Saturday, February 2, 2008

How I got here...

So, here I am... 34, single, mother to teenage boys.

The whole truth for everyone to know is this......

I think I was a pretty happy girl. My mom loved me, and still loves me to this day, and I love her. I don't know what I'd do without her. I also had fabulous grandparents that spoiled me rotten and thought the world of me. The feeling was mutual. I grew up near them, and was very close to them, and devestated by their deaths when I was an adult.

I've never known my biological father. I know his name, and that is all. I'm not sure if I want to find him.

When I was still a baby my mom married my step-father, who is a big source of problems that I have.

I also have a half brother who is younger than me.

Growing up, my father never physically abused me (other than spanking, but I don't really feel that counts...). Verbally and emotionally was a completely different story. Basically, anything bad that happened to me was my fault.

2 examples...

When I was 5 or 6 my older step-brother molested me. I can remember my mom and grandma asking me about this one day, but I simply felt very ashamed and had no interest in talking about it. I never saw a therapist or anything, and I can recall a couple of years later my dad being pretty pissed at me about the event.

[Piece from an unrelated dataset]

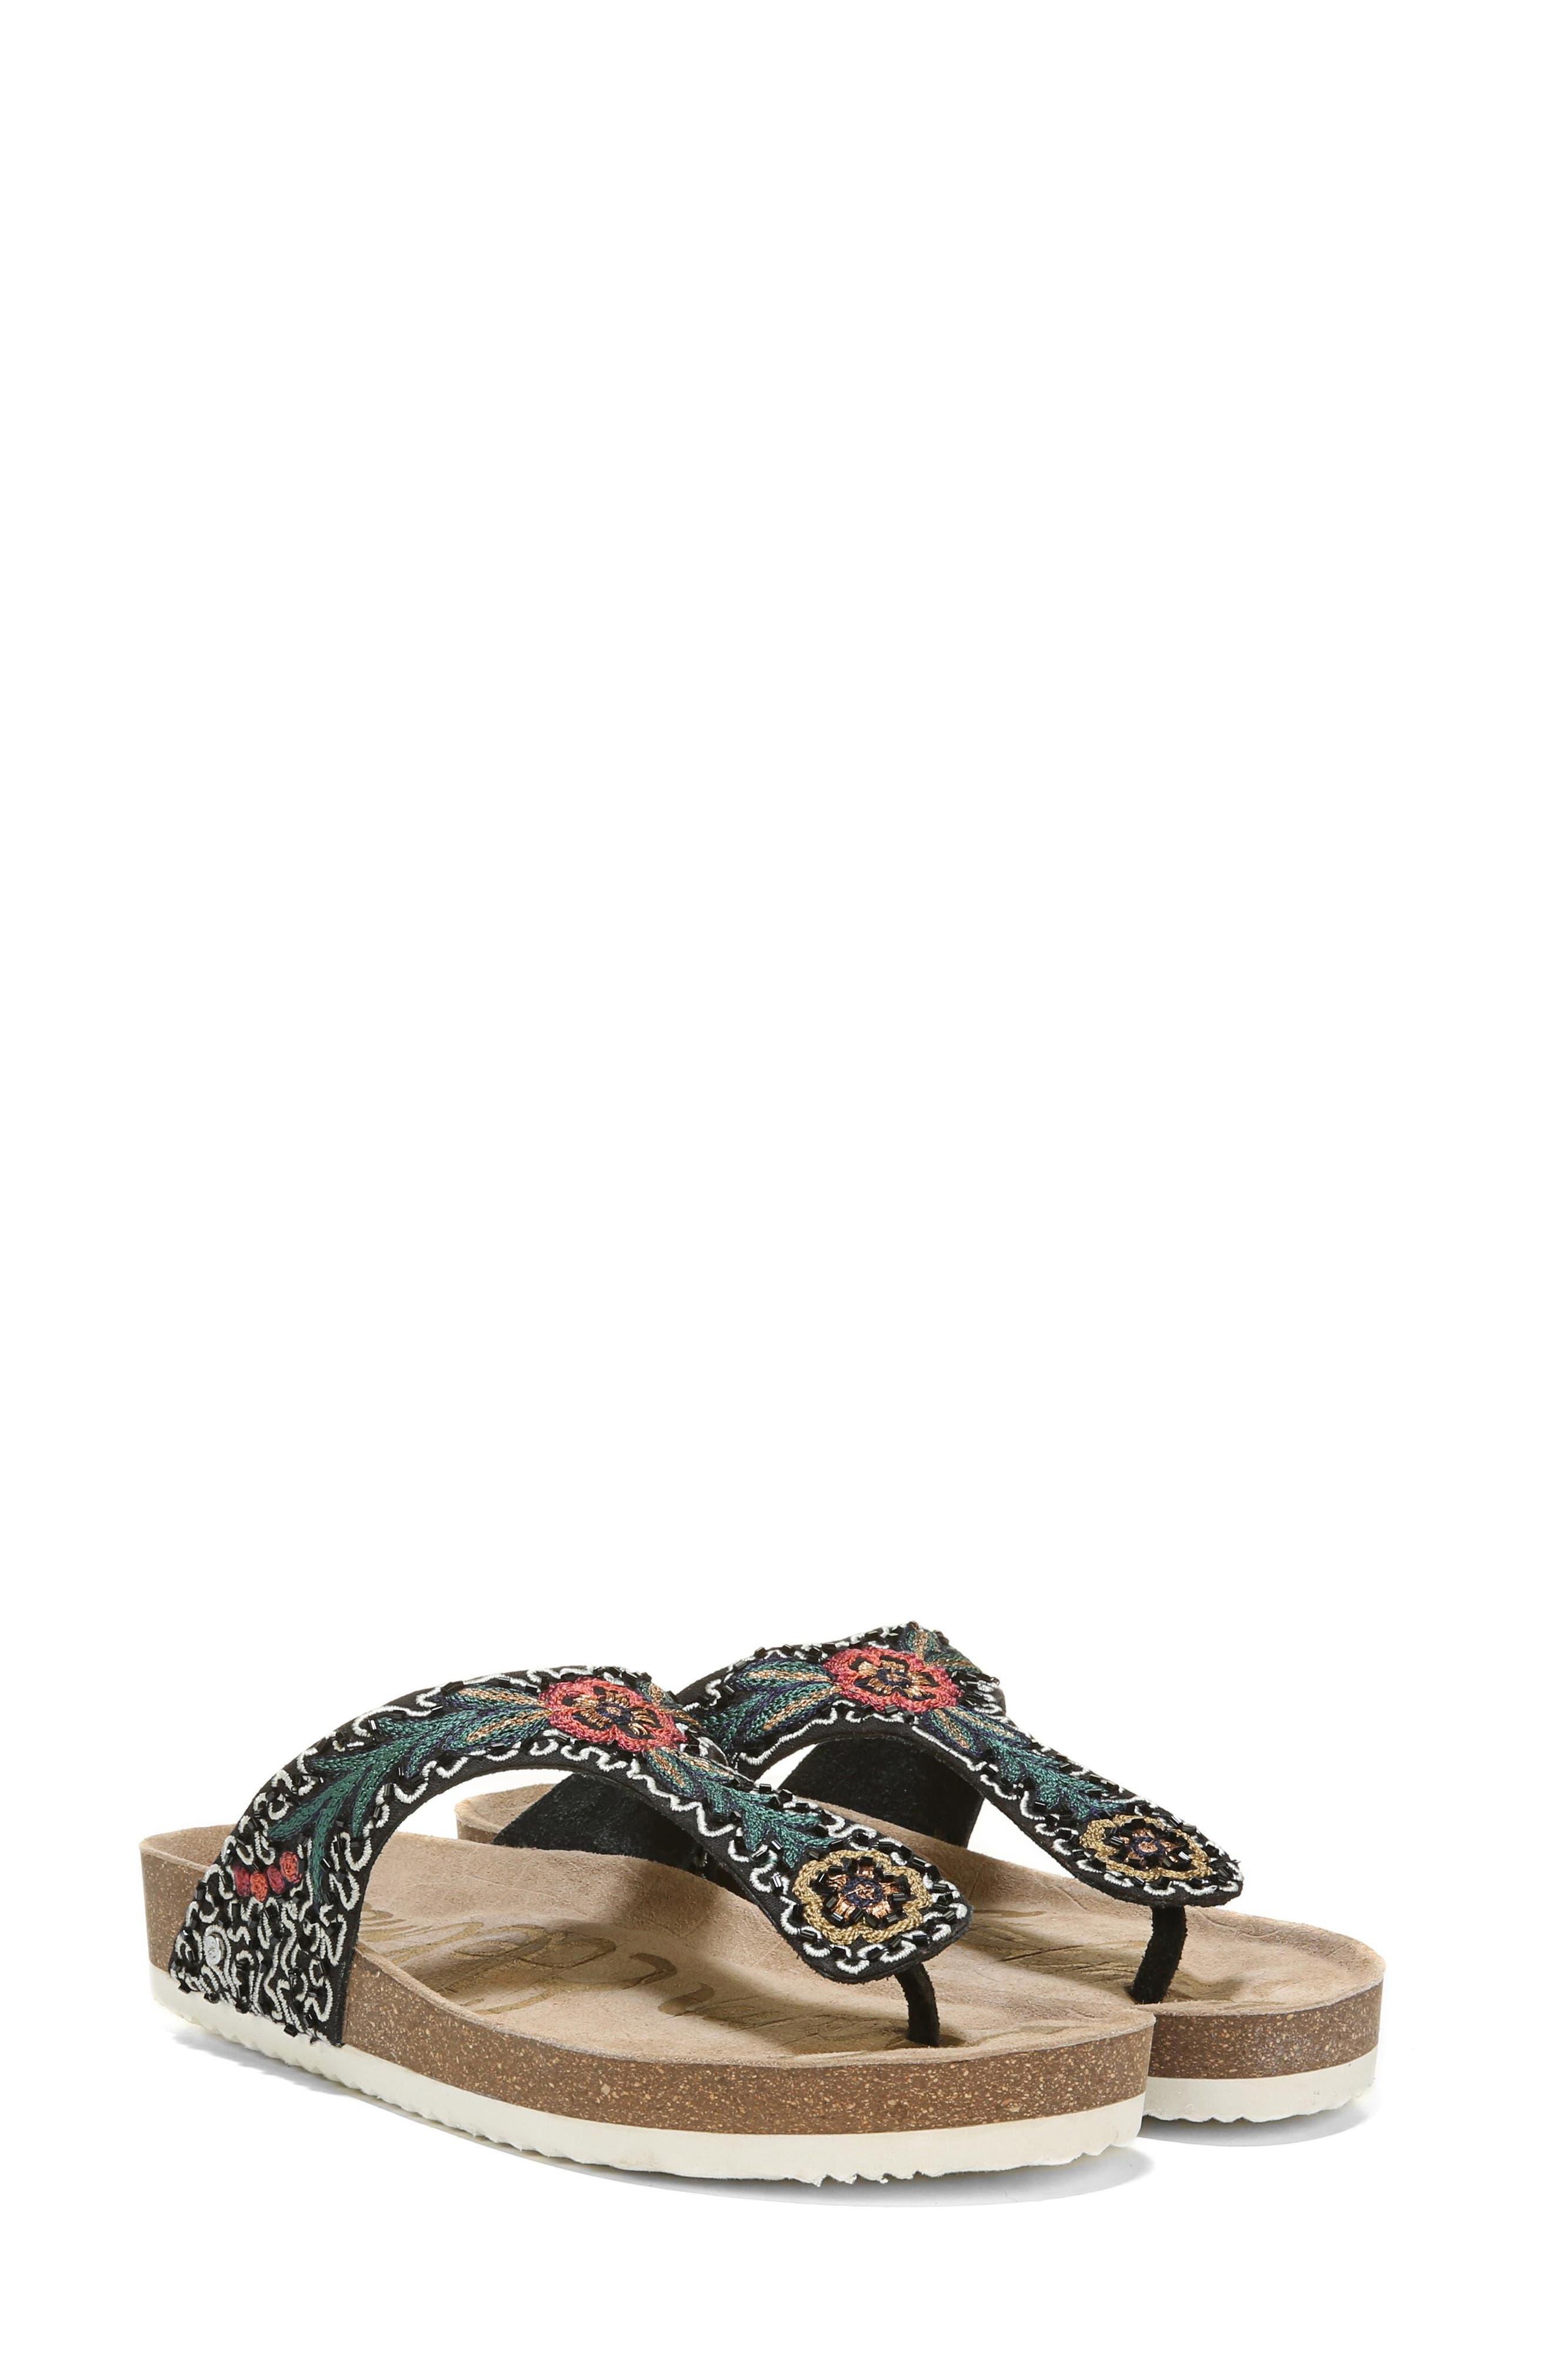 Olivie Beaded Flip Flop,                         Main,                         color, Black Multi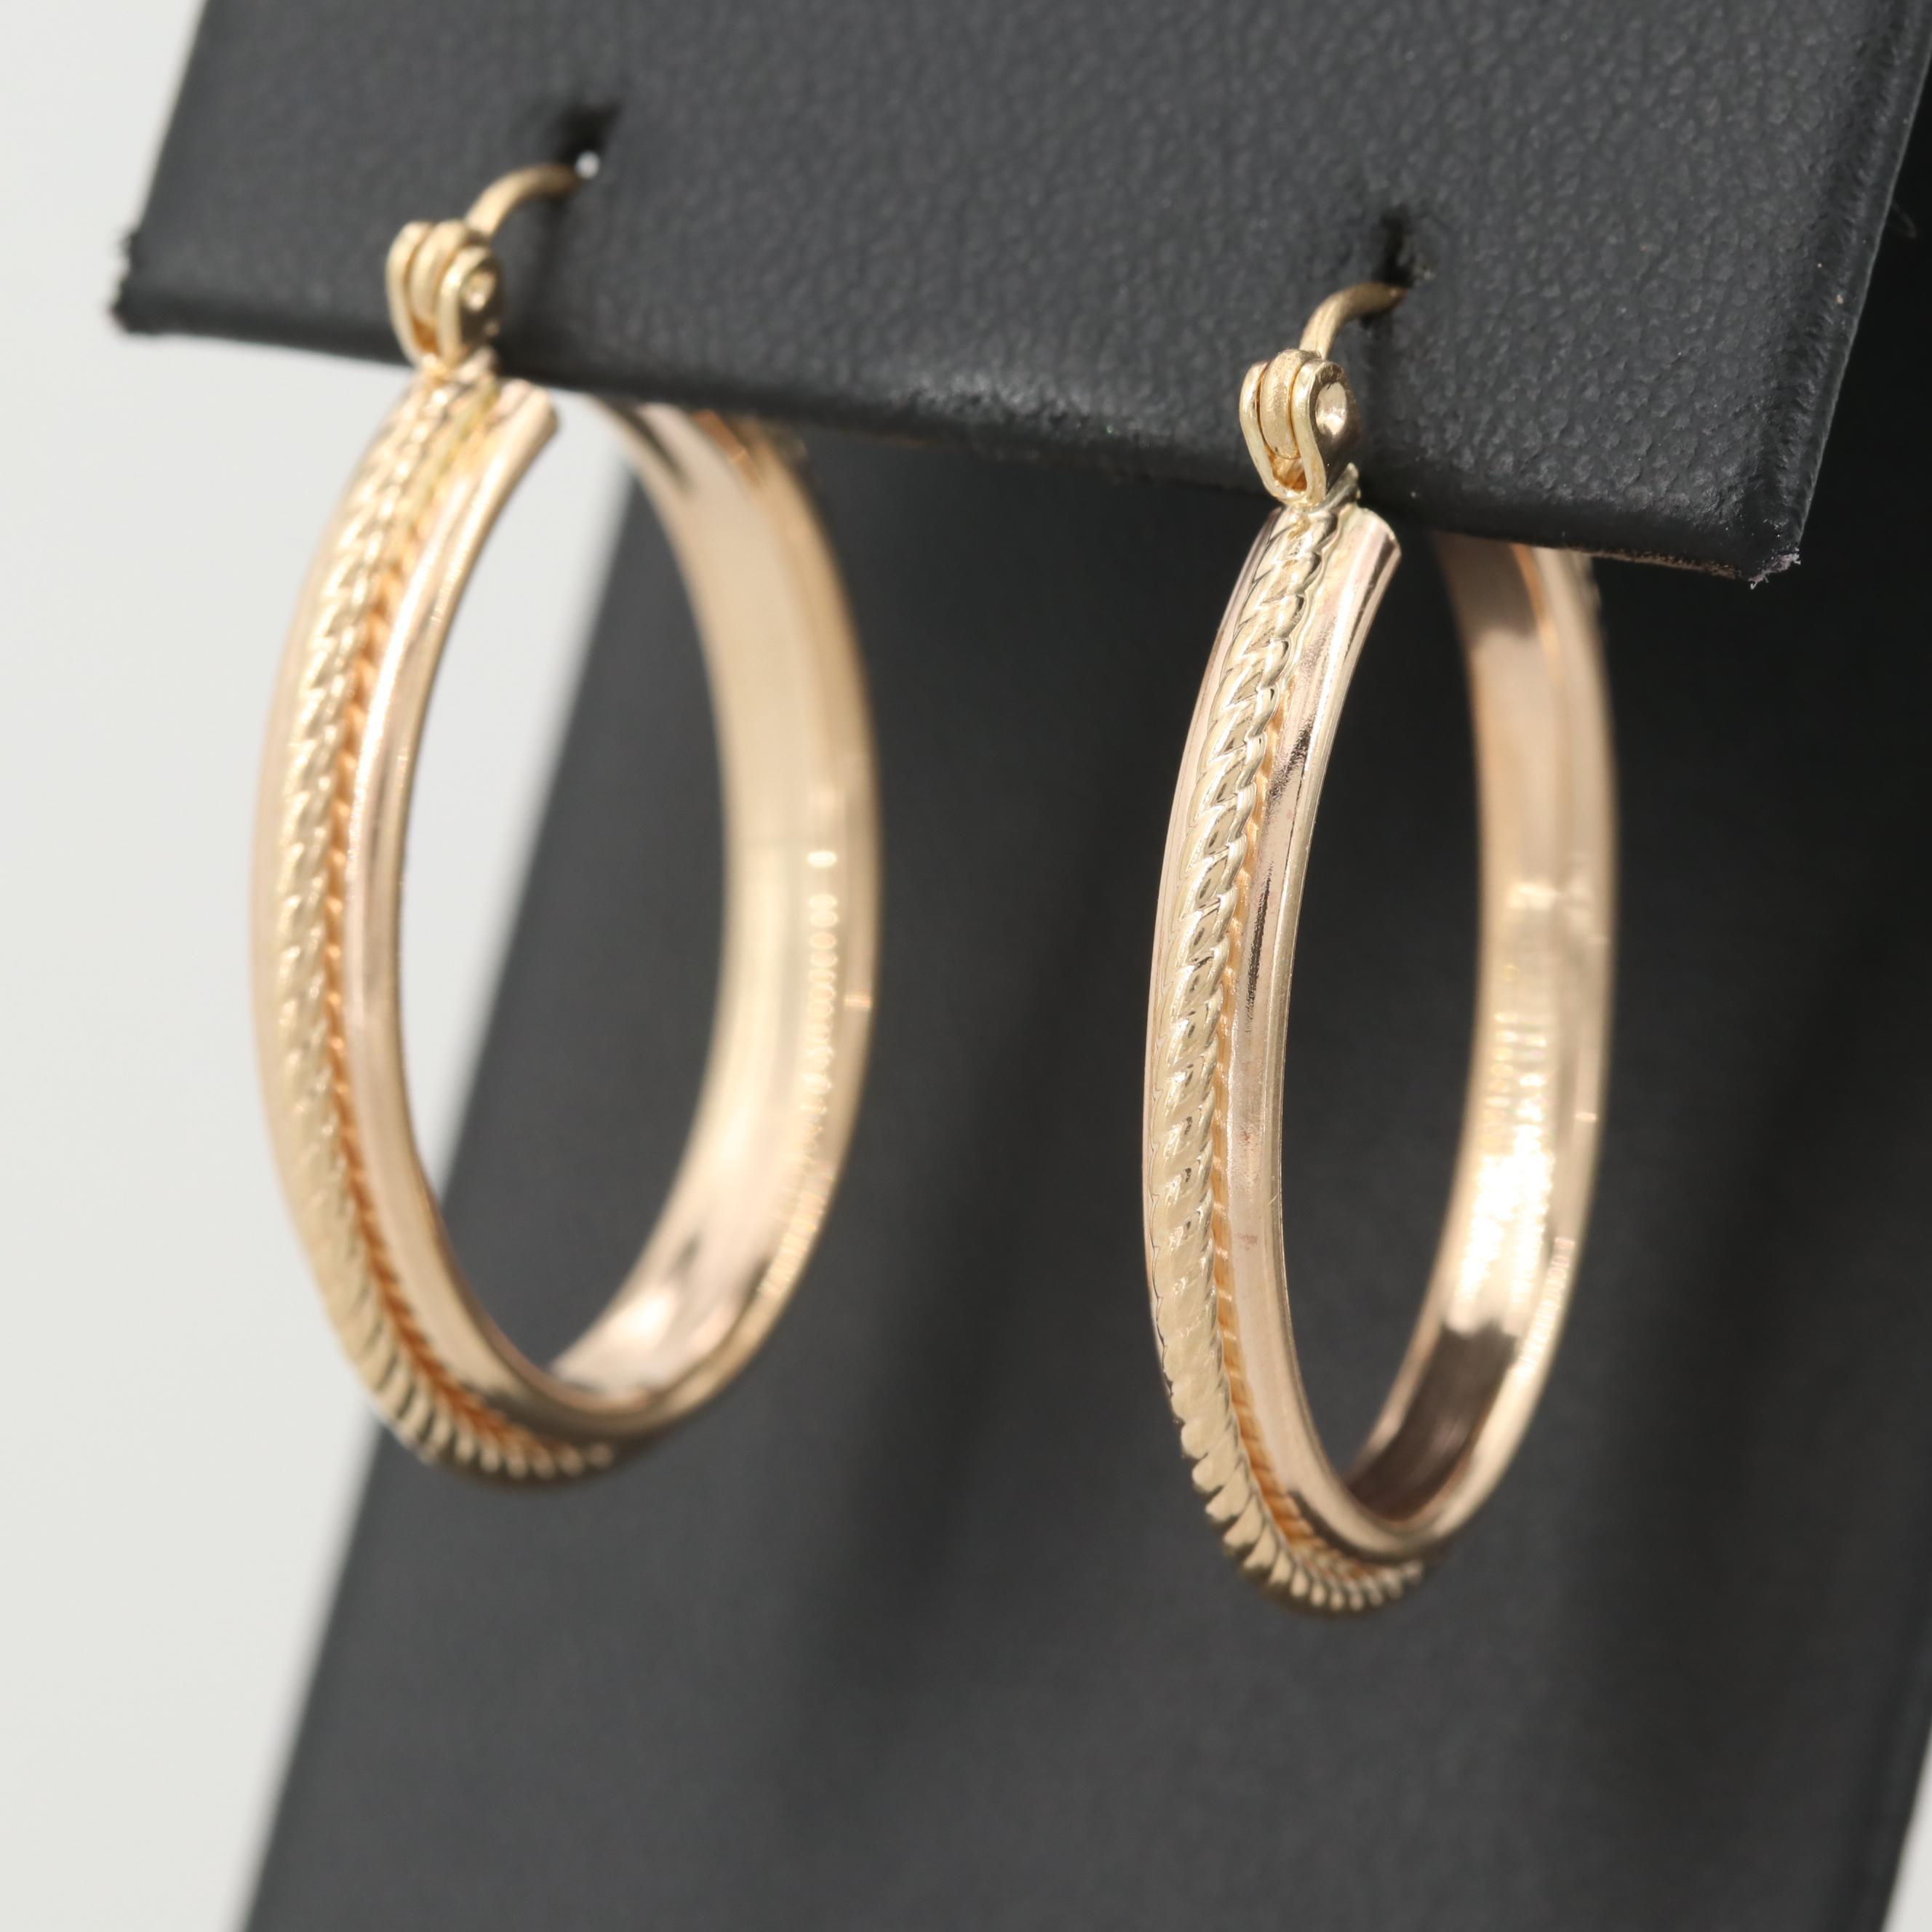 14K Yellow Gold Hoop Earrings with Rope Detail

Next... one day I was playing ping-pong with my half brother in my grandparents basement. I have no idea why (I'm sure I provoked it somehow), but he threw his paddle at me, and it hit my face... hard. I was crying (I was still a child), and again my dad got pissed about this.

My mom finally couldn't take any more of my dads moodiness and crap after 26 years. By then he had had at least one nervous breakdown and been on several anti-depressants (which he would take himself off of the minute he felt better).

Between the molestation and walking on egg shells my entire goddamn life to try to keep my dad from blowing his top, I have now been married and divorced twice, and just ended a third relationship that lasted about 7 1/2 years. It was actually closer to a marriage than either one of the marriages, but the guy was too scared to jump all the way in. So, here I am.

That's probably enough for this post. I'll try to post something about my relationship next.